L-Carnitine
| Category | Compounds |
|---|---|
| Also known as | Levocarnitine, 3-Hydroxy-4-N-trimethylaminobutyrate, Carnitor, L-3-Hydroxytrimethylaminobutanoate |
| Last updated | 2026-04-14 |
| Reading time | 4 min read |
| Tags | quaternary-ammoniumfatty-acid-oxidationmitochondrialmetabolicamino-acid-derivative |
Overview
L-Carnitine is a quaternary ammonium compound derived from the amino acids lysine and methionine. It is not a peptide — technically a trimethylated amino acid derivative — but is frequently included in peptide research catalogs because it shares physiological space with metabolic peptides such as FGF21, adiponectin, and irisin, and is widely used in mitochondrial and fat-metabolism research.

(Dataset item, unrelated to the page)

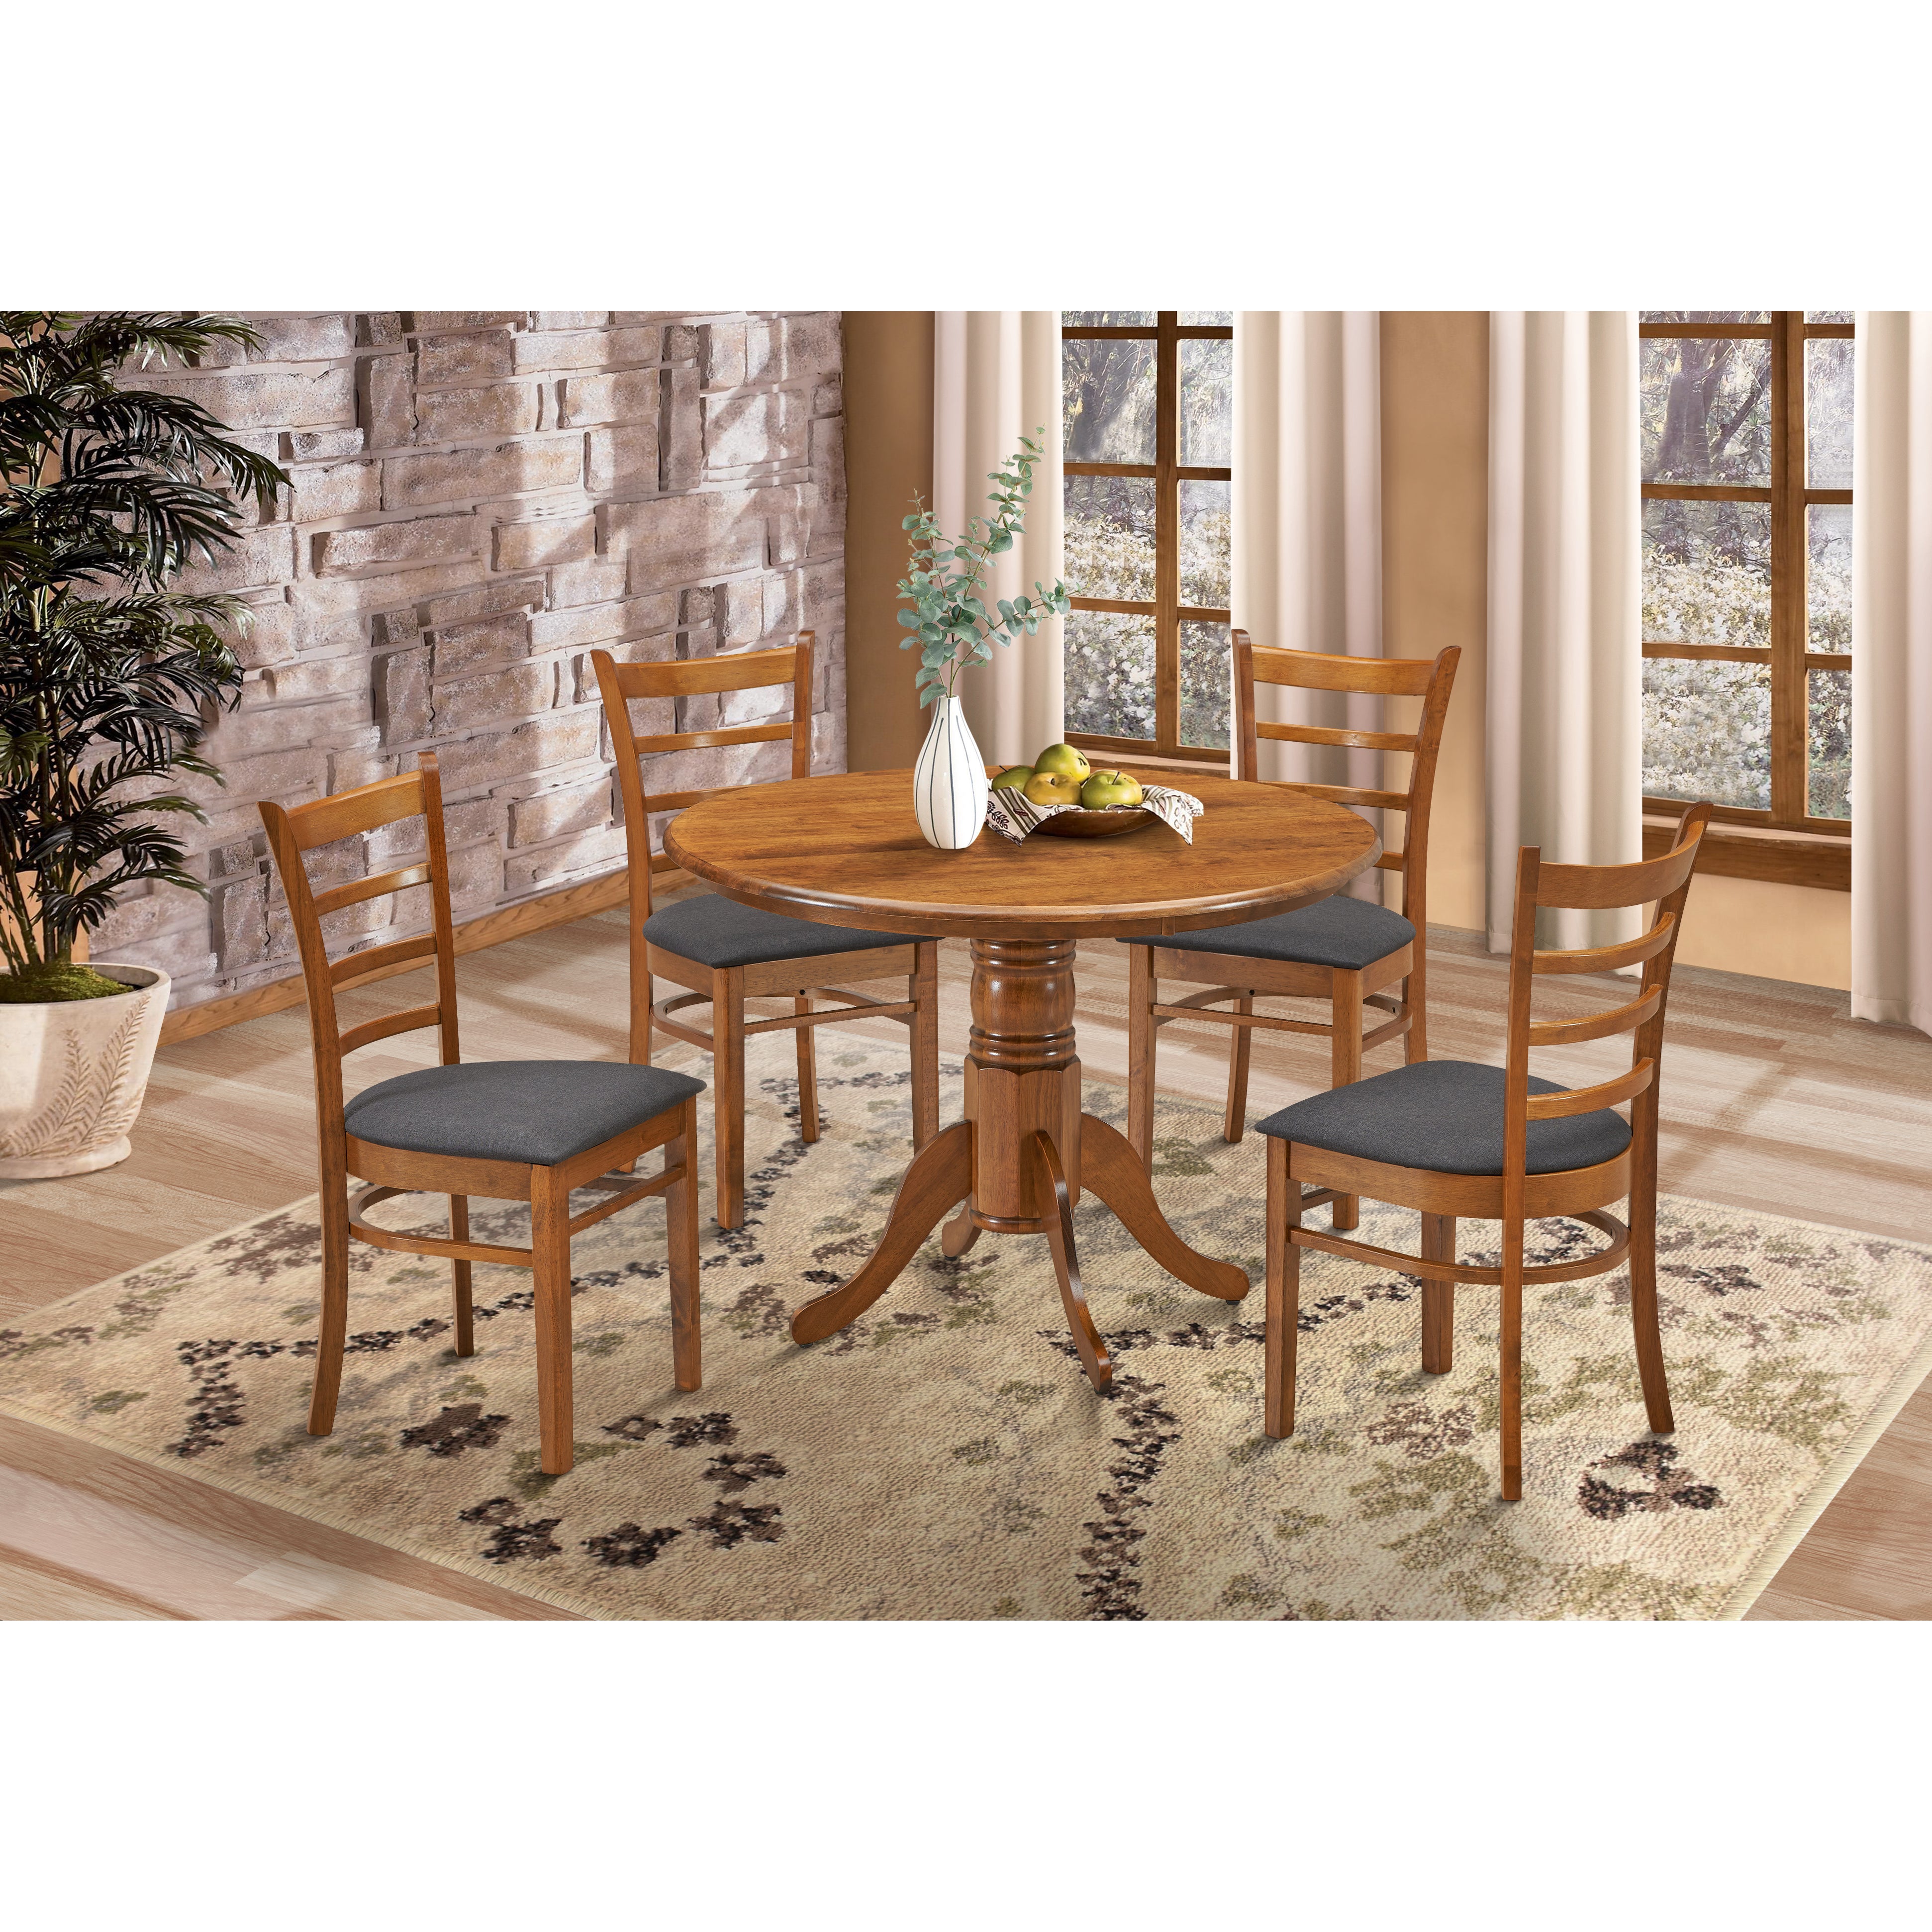 Linaria 5pc Dining Set 106cm Round Pedestral Table 4 Fabric Seat Chair - Walnut

L-Carnitine's essential role is the transport of long-chain fatty acids (14+ carbons) across the inner mitochondrial membrane, where they undergo beta-oxidation to generate acetyl-CoA and ultimately ATP. Without the carnitine shuttle, long-chain fatty acids cannot enter the mitochondrial matrix, and fat oxidation capacity is severely impaired.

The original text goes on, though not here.